When working with a Partitioned dataset is there a way to determine which partition the record is in
I'm working with several partitioned datasets.
I've run into a problem that data in one of the partitions is partially corrupt. (Lots of extra spaces added to a field.)
Going forward, I can put steps into my recipes to correct this before the data is put into the partitioned data set.
However, I would like to clear and rebuild the particular partition where the offending data item is stored. Other than filtering and hand-walking through the partitions to find the right one, is there a way to tell which partition a particular record is coming from?

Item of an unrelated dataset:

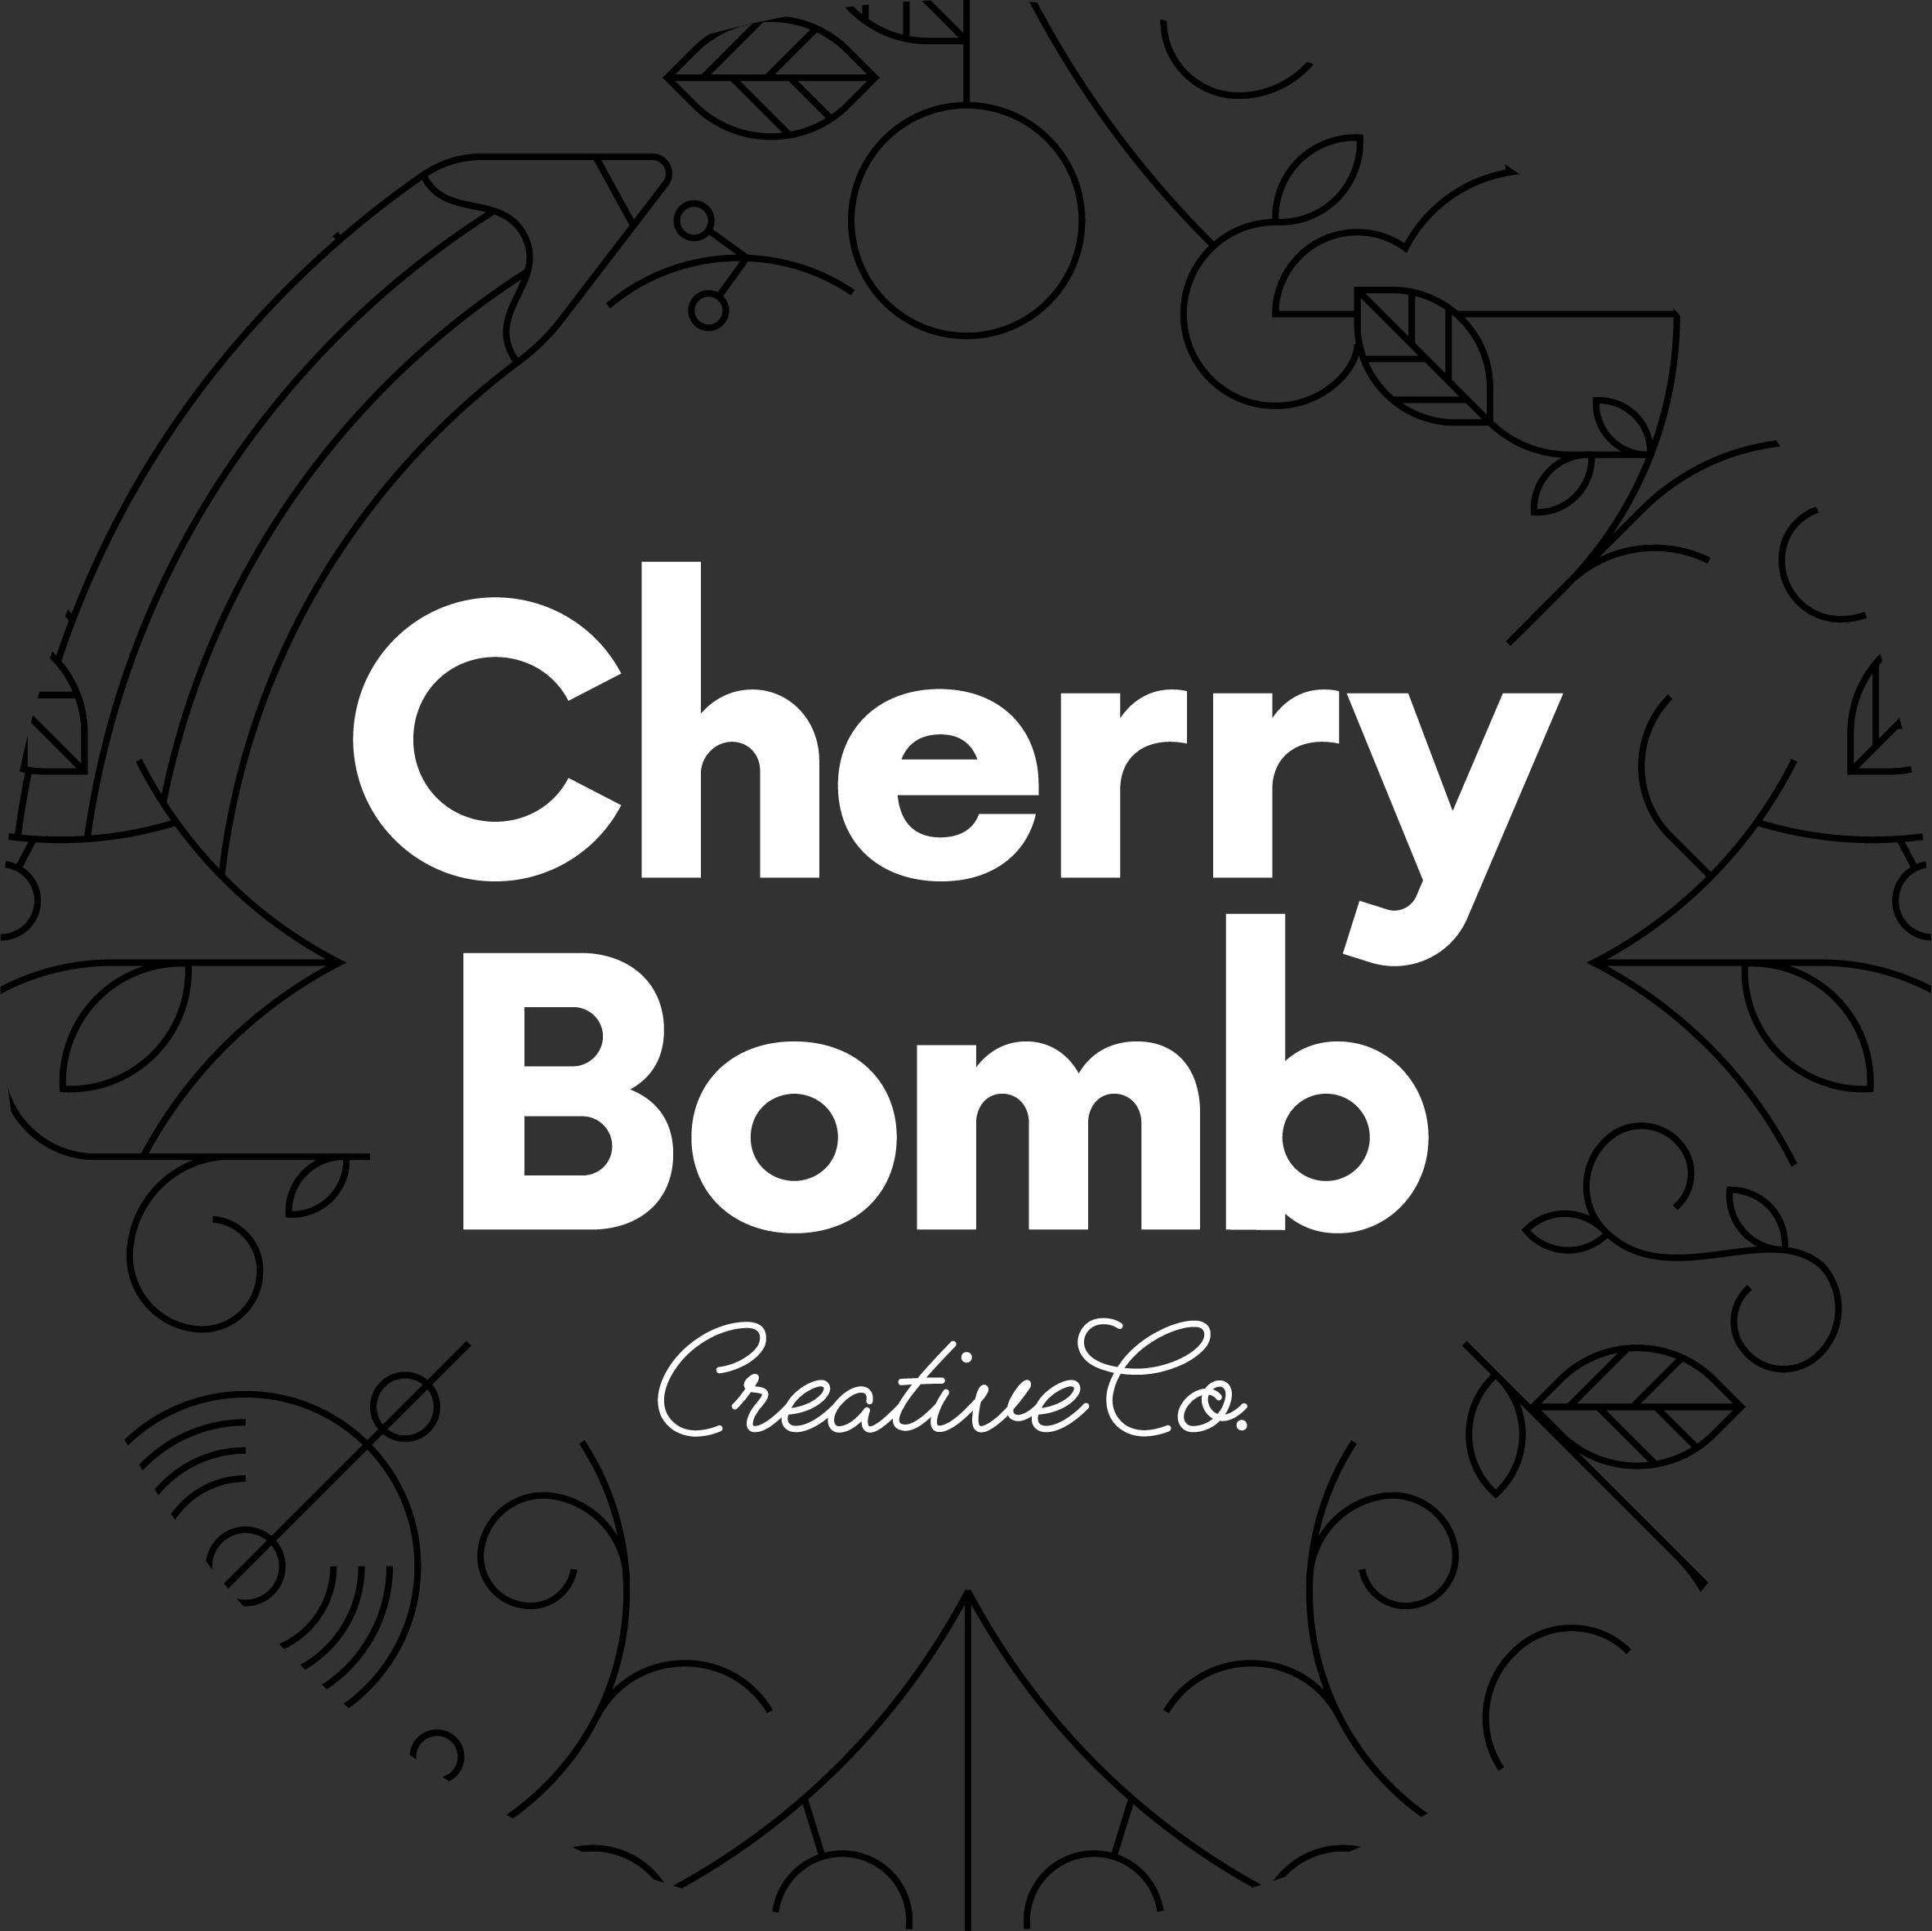 Cherry Bomb Creative Co. profile on Qualified.One
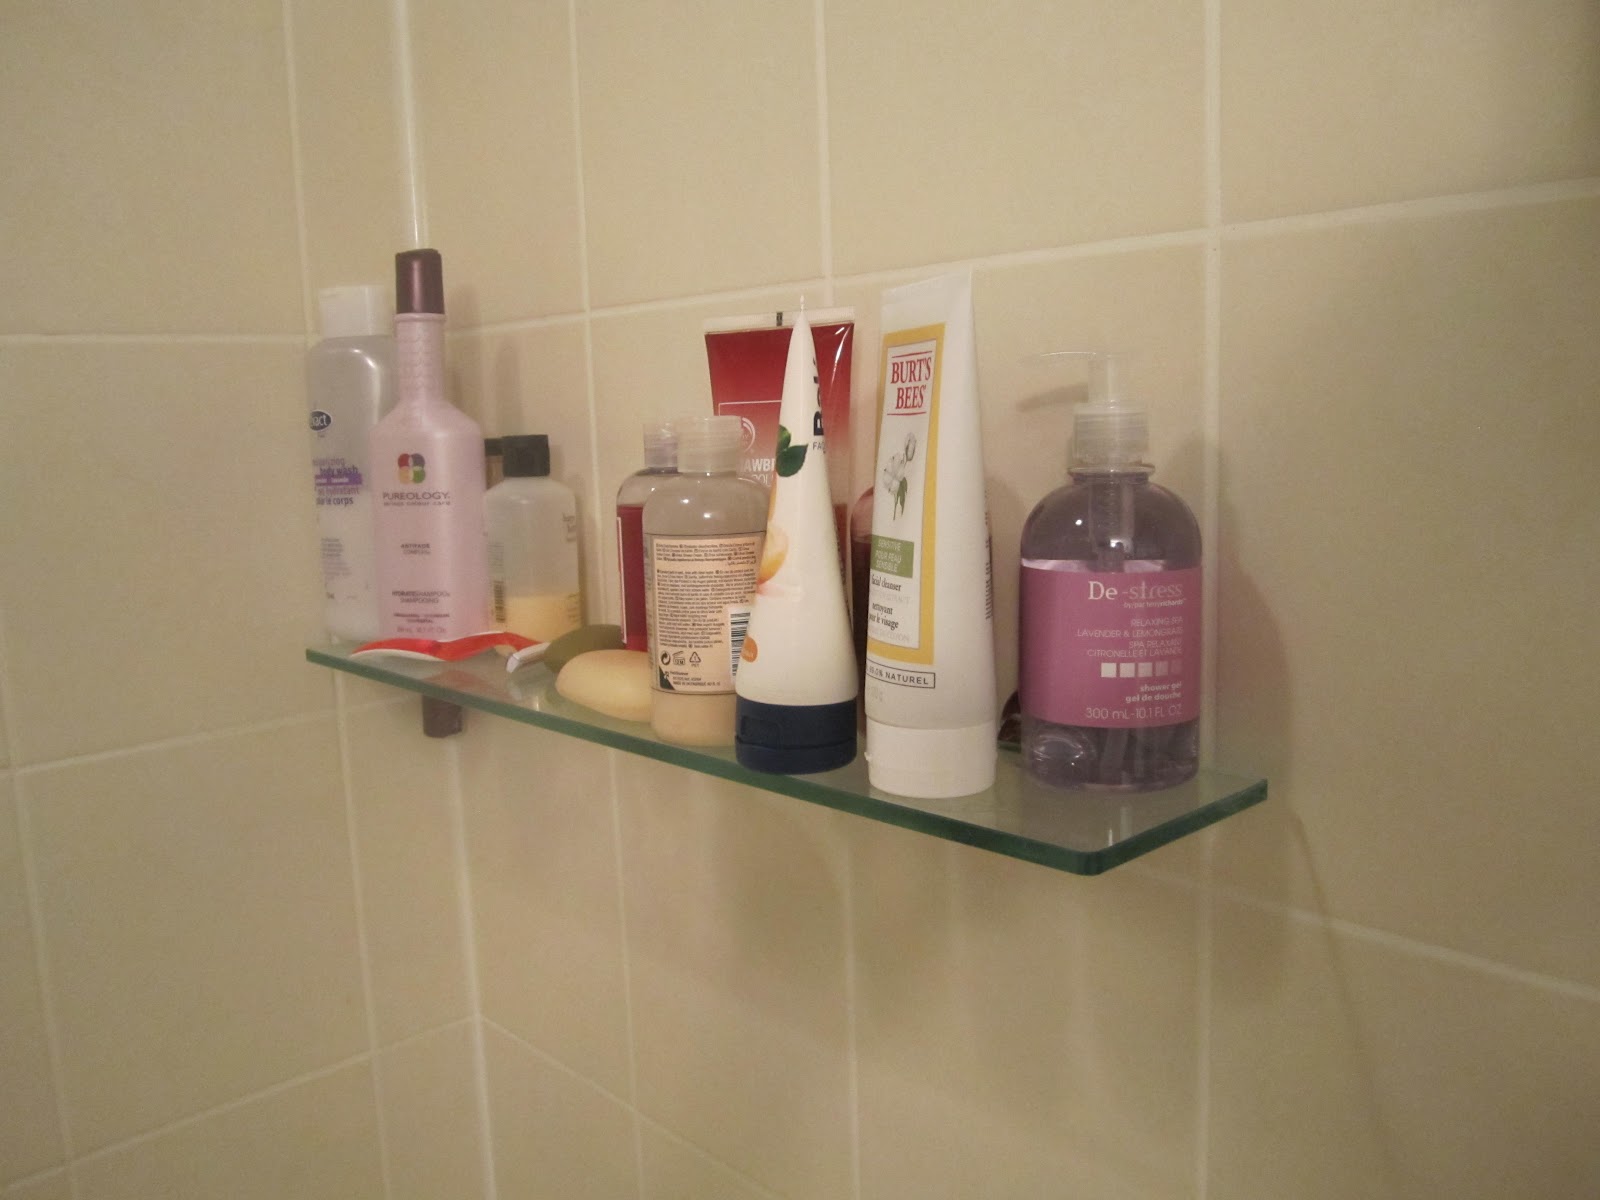 bathroom shower caddy shower. No cheap shower caddy for me- it's all class in the bathroom

Thanks for any help you can provide.
Operating system used: Mac OS Ventura 13.0.1
Best Answer
-
tgb417 Dataiku DSS Core Designer, Dataiku DSS & SQL, Dataiku DSS ML Practitioner, Dataiku DSS Core Concepts, Neuron 2020, Neuron, Registered, Dataiku Frontrunner Awards 2021 Finalist, Neuron 2021, Neuron 2022, Frontrunner 2022 Finalist, Frontrunner 2022 Winner, Dataiku Frontrunner Awards 2021 Participant, Frontrunner 2022 Participant, Neuron 2023 Posts: 1,598 Neuron
Looks like I found an answer.
One can use the enrich record with file info visual recipe processor as a step.
However, this processor does not seem to work in a "lab" visual analysis.
Answers
-
Ignacio_Toledo Dataiku DSS Core Designer, Dataiku DSS Core Concepts, Neuron 2020, Neuron, Registered, Dataiku Frontrunner Awards 2021 Finalist, Neuron 2021, Neuron 2022, Frontrunner 2022 Finalist, Frontrunner 2022 Winner, Dataiku Frontrunner Awards 2021 Participant, Frontrunner 2022 Participant, Neuron 2023 Posts: 415 Neuron
Yes, that processor only works once you run it and the output is written in a dataset.
Have you explored the possibility of creating a) a "Check" step for a dataset, or b) create a python script that could help you detect those cases and identify the partitions with problems?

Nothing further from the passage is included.